I thought anything under 26 was cricket.
I would really like to see someone put together a time-lapse compiled from night shots over several years, so we could visualize economic development over decades.
We could watch North Korea get dimmer.
And watch Leon getting laaaaaarger.
-Johnny
I read the article and thought "What complete bullshit that study is.".
Sloopy has that covered.
I've heard that Belgium is the brightest country at night. Mostly because of their absurdly well lit motorways.
Well, you want the Germans to be able to see where they are going when they roll in the next time.
So based on this study, I guess Hiroshima, Japan had a super-low poverty rate on August 6, 1945.
I typed a follow up joke, but just couldn't bring myself to hit submit. I was headed down the same road, though.
For a second or so Japan was the lowest-poverty rate country in the world.

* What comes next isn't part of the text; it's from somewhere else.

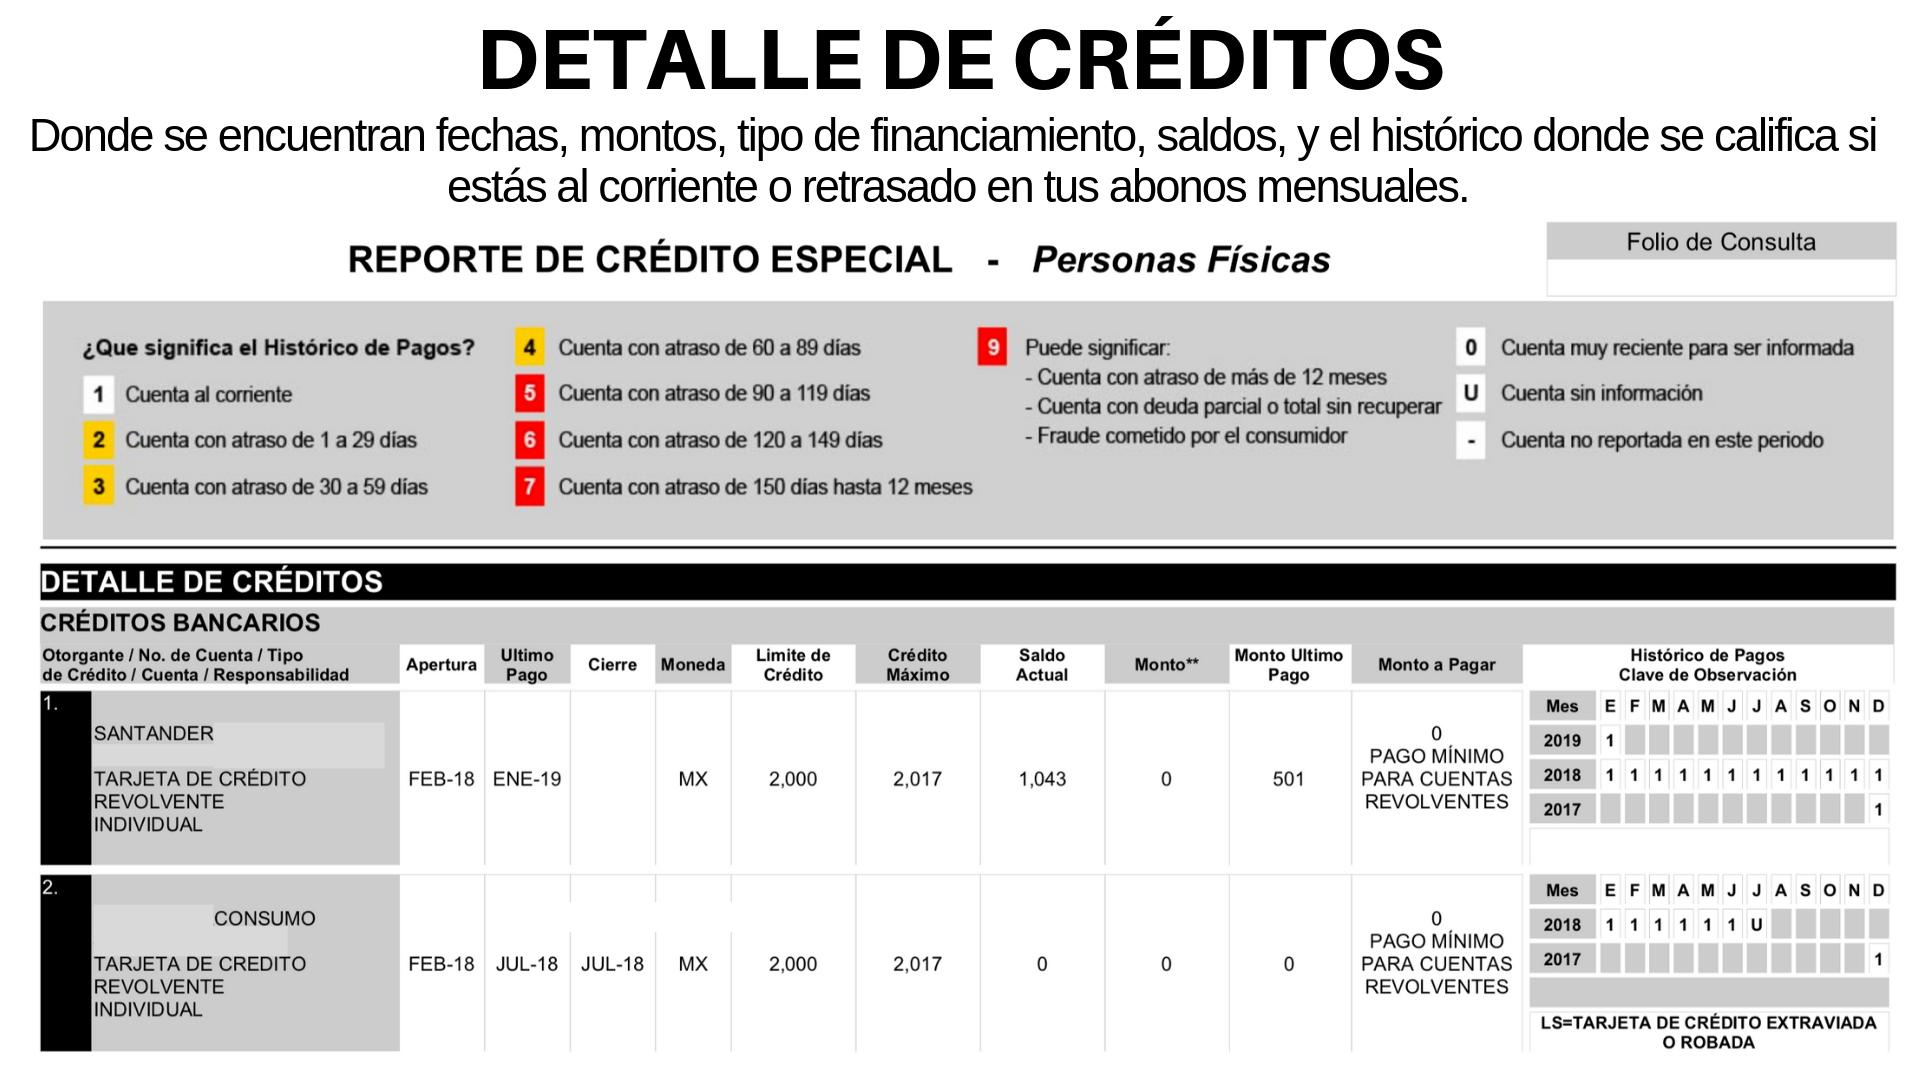 Detalle de créditos - reporte de crédito especial

I'm not sure I would trust someone who thinks its *government's* job to arrange garbage collection to be able to count how many poor people there really are.
And, in the best traditions of managing what you measure, we're going to start seeing government programs to give the poor lightbulbs.
The difference in access to artificial lighting between rich and poor is horrible. Not having ready access to it is what makes those poor people inefficient workers and their children are just falling further and further behind the children of the well off.
Replace lightbulb with internet access and you have the current situation.
But not just any light bulbs...compact fluorescents!